But initial sin entails eventual retribution. Later, somewhere between Barcelona and Cannes, evil days fell on Pig. One night, routing the message board, he went to sleep in the doorway of the executive officer's stateroom. The ship chose that moment to roll ten degrees to port. Pig toppled onto the terrified lieutenant commander like a corpse. "Bodine," the X.O. shouted, aghast. "Were you sleeping?" Pig snored away among a litter of special-request chits. He was sent down on mess cooking. The first day he fell asleep in the serving line, rendering inedible a gunboat full of mashed potatoes. So the next meal he was stationed in front of the soup, which was made by Potamos the cook and which nobody ate anyway. Apparently, Pig's knees had developed this odd way of locking, which – if the Scaffold were on an even keel – would enable him to sleep standing up.

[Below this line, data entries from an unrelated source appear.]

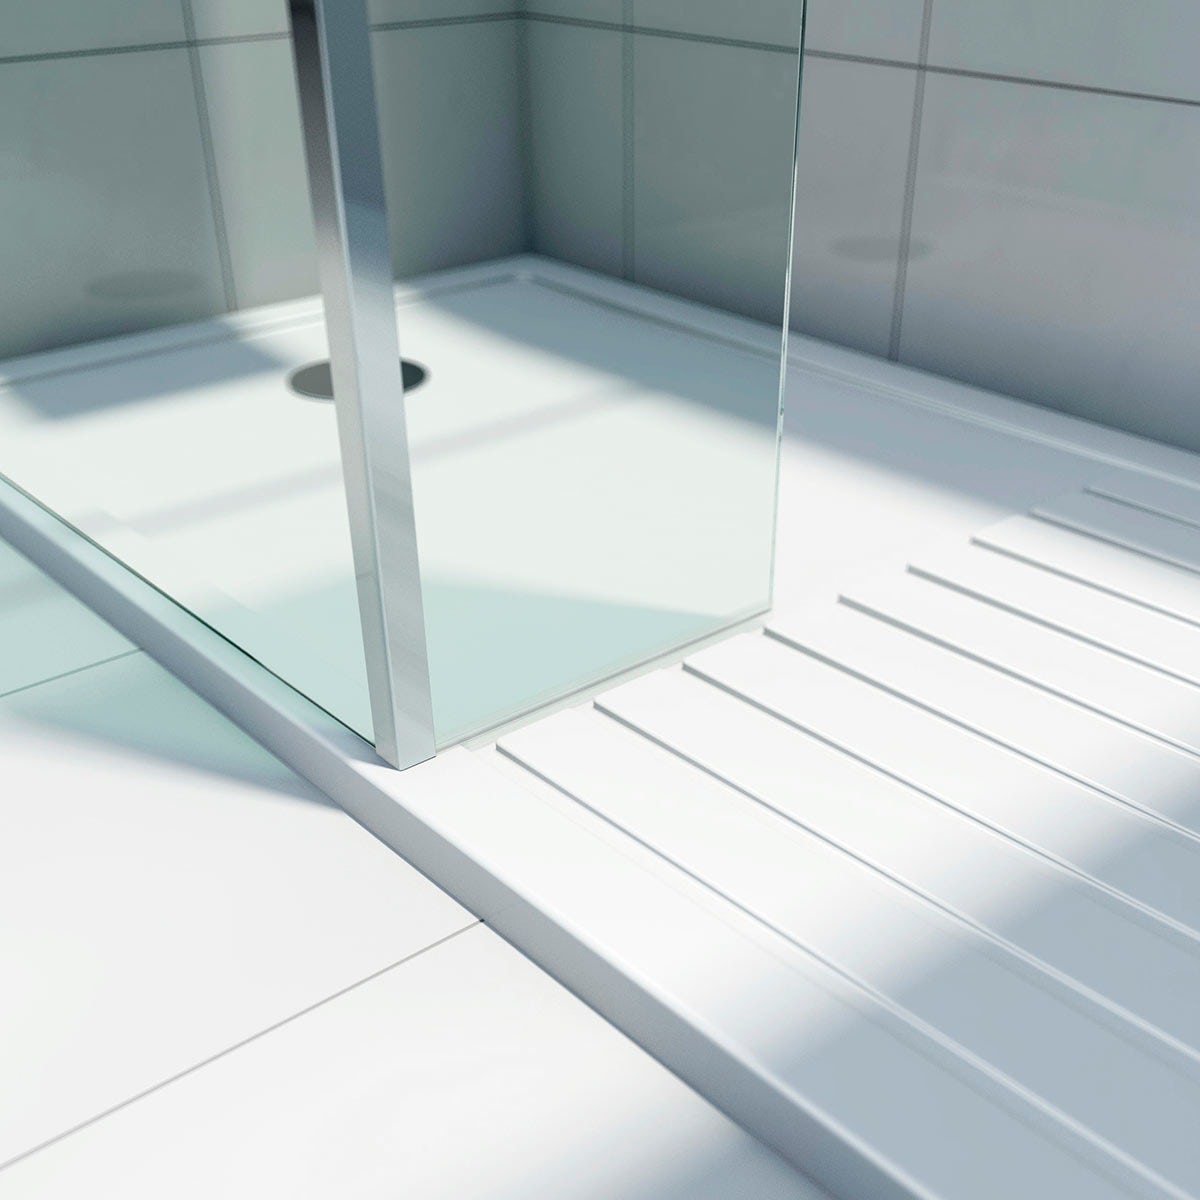 1400mm Pivot Hinge Shower Door 6mm Thick Glass Screen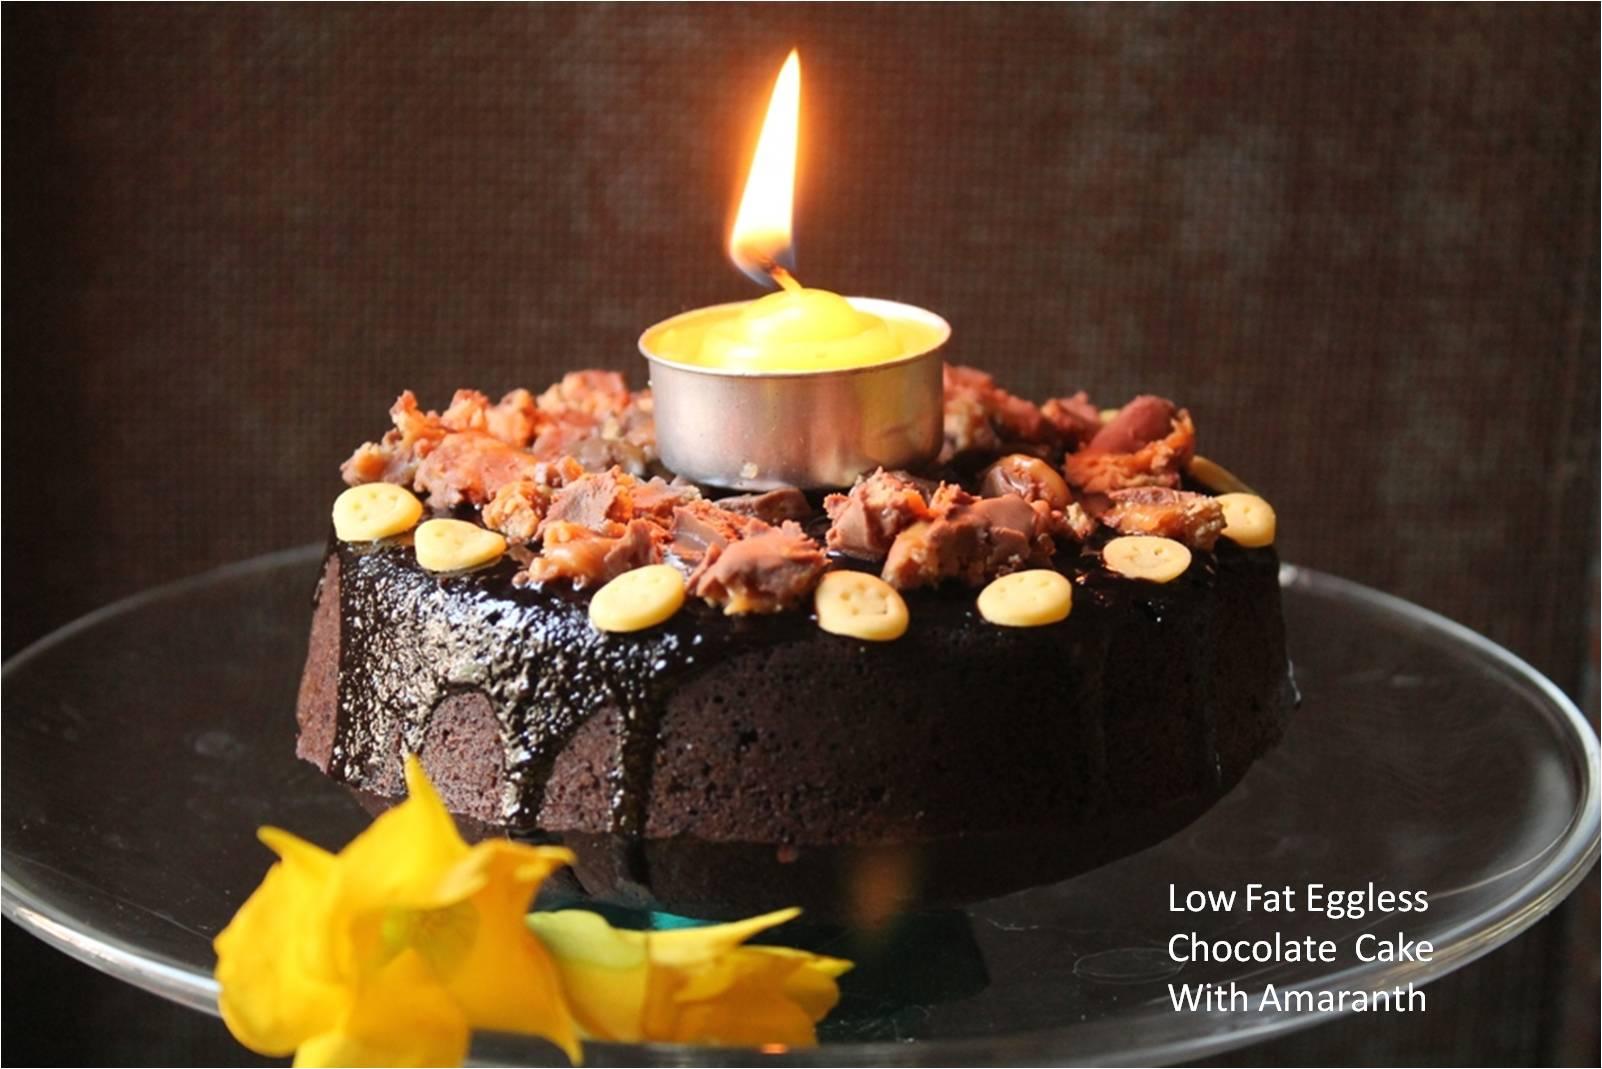 Eggless chocolate cake with amaranth flouru happy st anniversary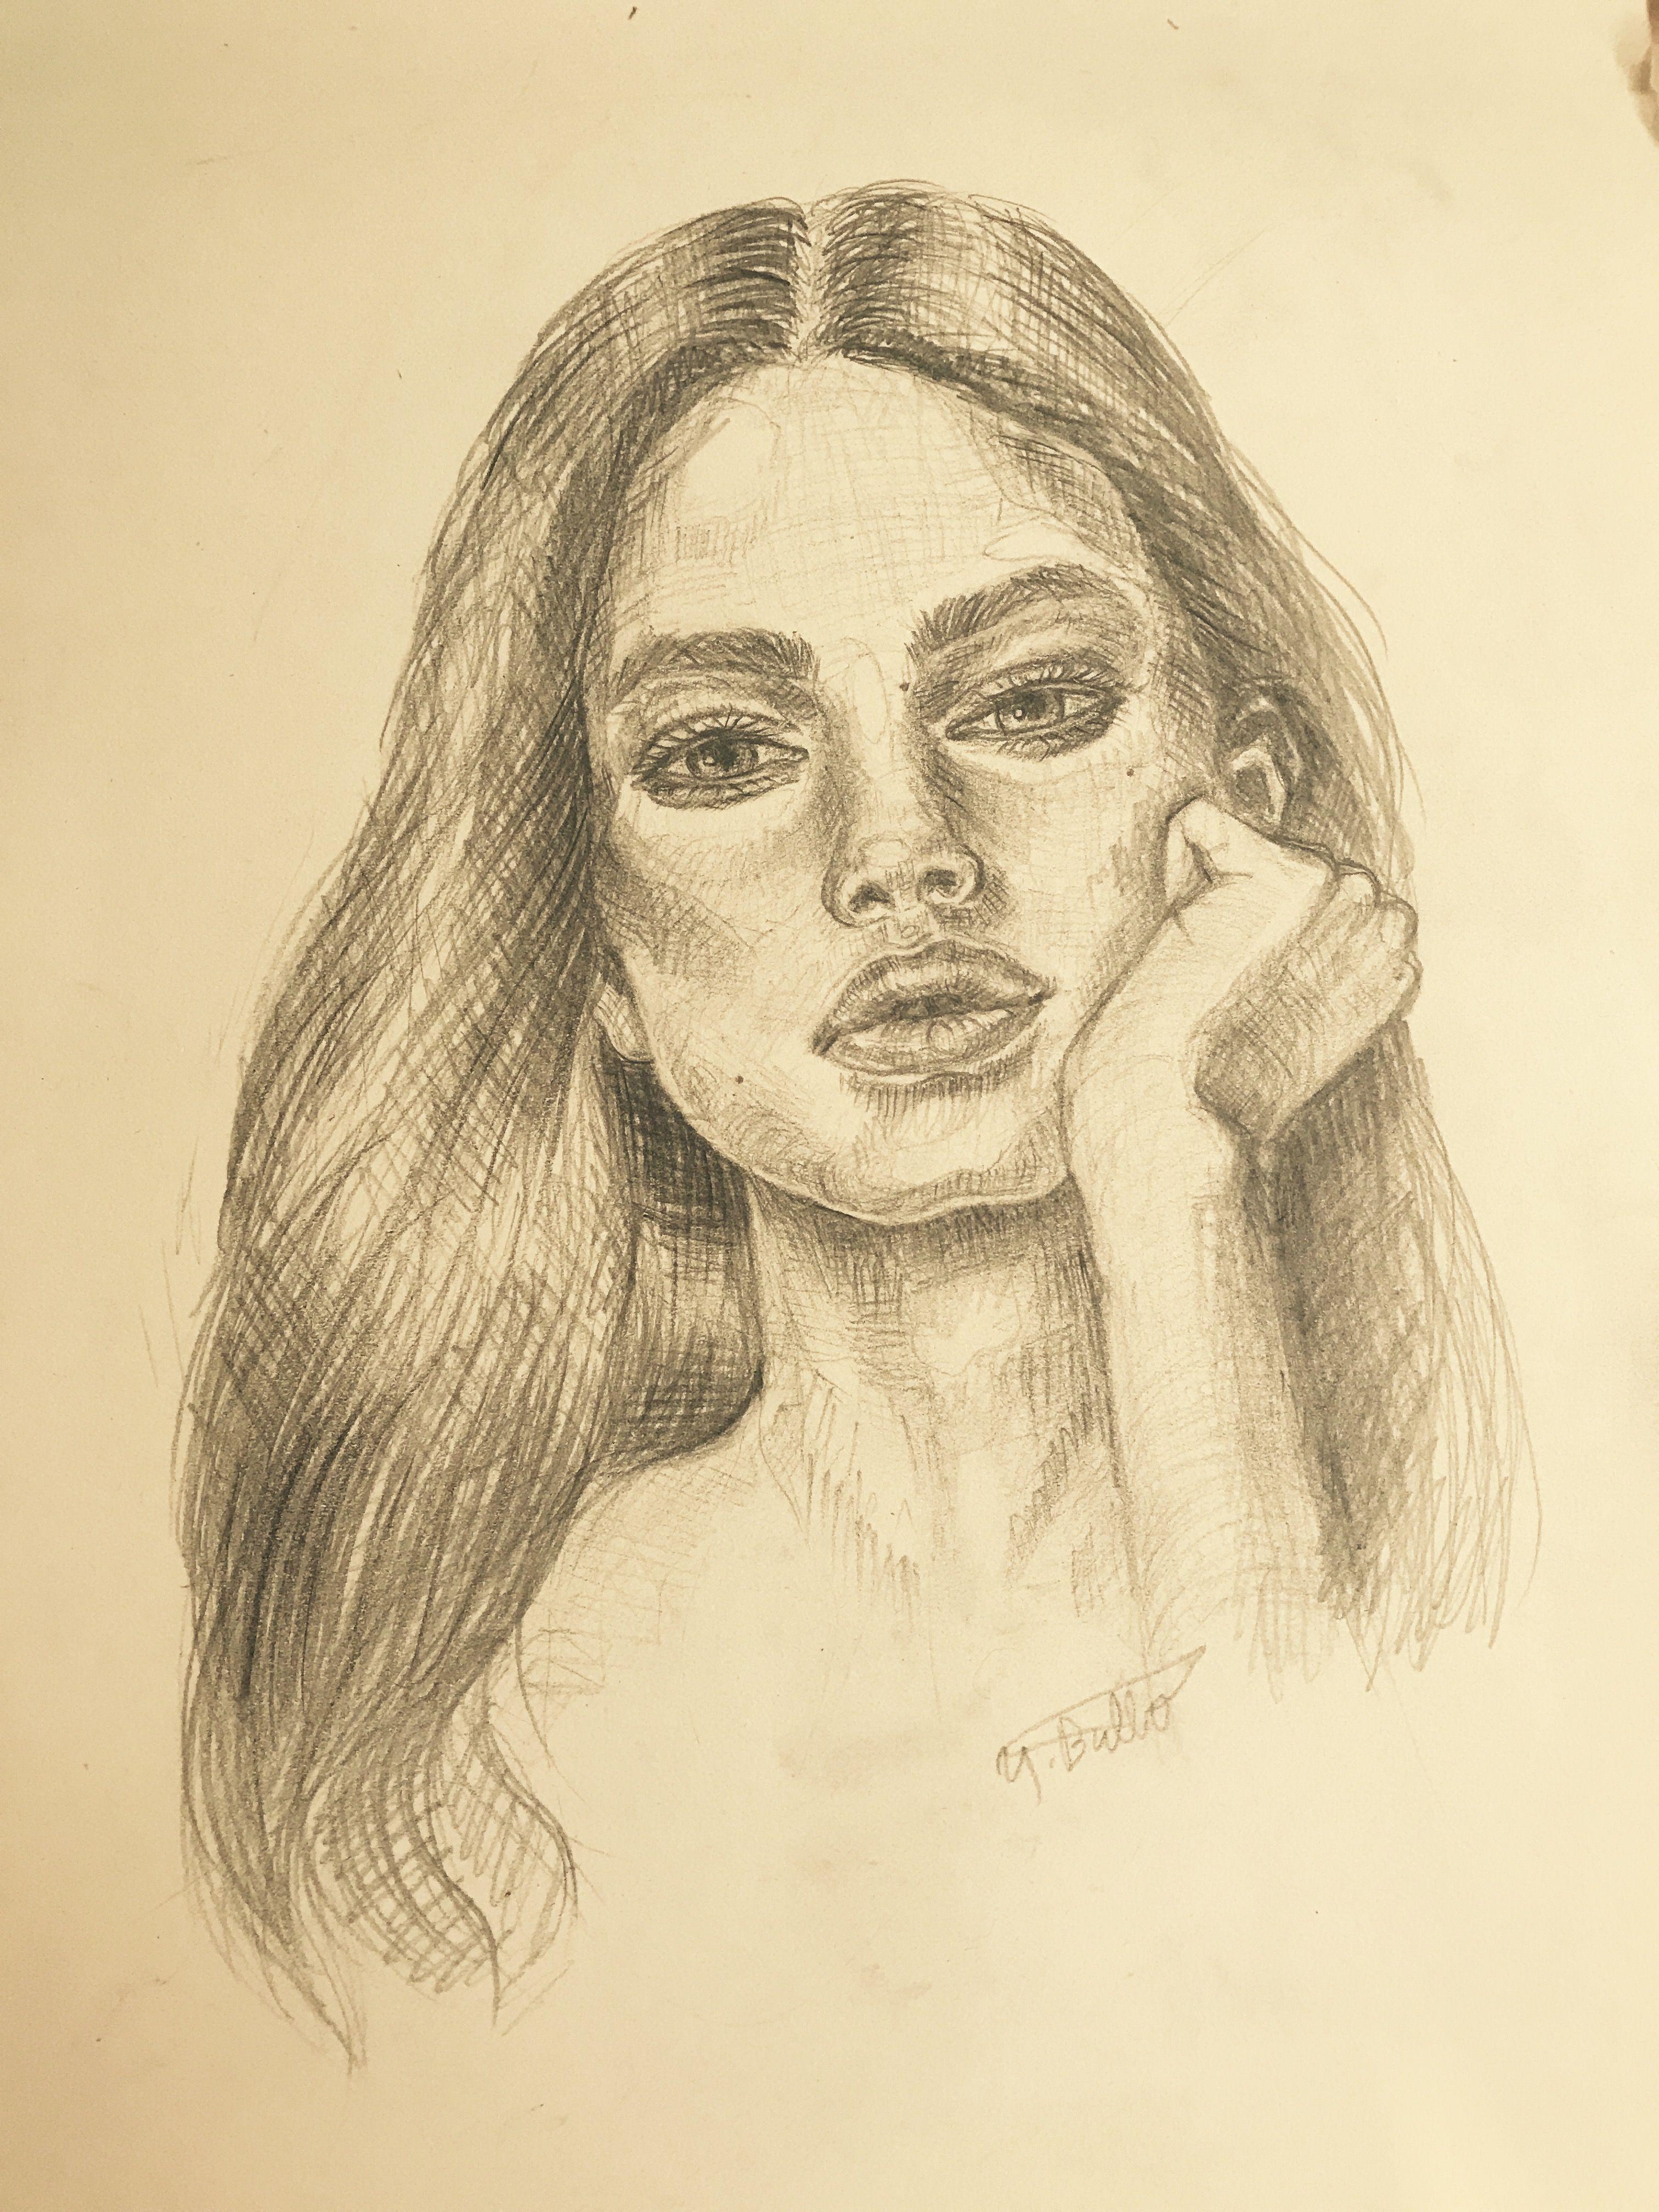 Sketch pencil drawing artwork by yasmine bulbol artportraitdrawing pencildrawingblackandwhiteartistsketchyasminebulbol

He was a medical curiosity. When the ship got back to the States he went under observation at Portsmouth Naval Hospital. When he returned to the Scaffold he was put on the deck force of one Pappy Hod, a boatswain's mate. In two days Pappy had driven him, for the first of what were to be many occasions, over the hill.
Now on the radio at the moment was a song about Davy Crockett, which upset Winsome considerably. This was '56, height of the coonskin hat craze. Millions of kids everywhere you looked were running around with these bushy Freudian hermaphrodite symbols on their heads. Nonsensical legends were being propagated about Crockett, all in direct contradiction to what Winsome had heard as a boy, across the mountains from Tennessee. This man, a foul-mouthed louse-ridden boozehound, a corrupt legislator and an indifferent pioneer, was being set up for the nation's youth as a towering and cleanlimbed example of Anglo-Saxon superiority. He had swelled into a hero such as Mafia might have created after waking from a particularly loony and erotic dream. The song invited parody. Winsome had even cast his own autobiography into aaaa rhyme and that simpleminded combination of three - count them - chord changes:
"Born in Durham in '23,
By a pappy who was absentee,
Was took to a lynching at the neighborhood tree,
Whopped him a nigger when he was only three.
[Refrain]: Roony, Roony Winsome, king of the decky-dance.
Pretty soon he started to grow,
Everyone knew he'd be a loving beau,
Cause down by the tracks he would frequently go
To change his luck at a dollar a throw.
Well he hit Winston-Salem with a rebel yell,
Found his self a pretty Southron belle
Was doing fine till her pappy raised hell
When he noticed her belly was beginning to swell.
Luckily the war up and came along,
He joined the army feeling brave and strong,
His patriotism didn't last for long,
They put him in a foxhole where he didn't belong.
He worked him a hustle with his first C.O.,
Got transferred back to a PIO,
Sat out the war in a fancy chateau,
Egging on the troops toward Tokyo.
When the war was over, his fighting done,
He hung up his khakis and his Garand gun
Came along to Noo York to have some fun,
But couldn't find a job till '51.
Started writing copy for MCA
It wasn't any fun but it was steady pay,
Sneaking out of work one lovely day
He met him a dolly called Mafi-yay.
Mafia thought he had a future ahead,
And looked like she knew how to bounce a bed
Old Roony must've been sick in the head
Cause pretty soon, they up and they wed.
Now he's got a record company,
A third of the profits plus salary,
A beautiful wife who wants to be free
So she can practice her Theory.
[Refrain] Roony, Roony Winsome, king of the decky-dance."
Pig Bodine had fallen asleep. Mafia was in the next room, watching herself undress in the mirror. And Paola, Roony thought, where are you? She'd taken to disappearing, sometimes for two- or three-day stretches, and nobody ever knew where she went.
Maybe Rachel would put in a word for him with Paola. He had, he knew, certain nineteenth-century ideas of what was proper. The girl herself was an enigma. She hardly spoke, she went to the Rusty Spoon now only rarely, when she knew Pig would be somewhere else. Pig coveted her. Concealing himself behind a code which only did officers dirty (and executives? Winsome wondered), Pig he was sure envisioned Paola playing opposite him in each frame of his stag-movie fantasies. It was natural, he supposed; the girl had the passive look of an object of sadism, something to be attired in various inanimate costumes and fetishes, tortured, subjected to the weird indignities of Pig's catalogue, have her smooth and of course virginal-looking limbs twisted into attitudes to inflame a decadent taste. Rachel was right, Pig - and even perhaps Paola - could only be products of a decky-dance. Winsome, self-proclaimed king of it, felt only sorry it should ever have happened. How it had happened, how anybody, himself included, had contributed to it, he didn't know.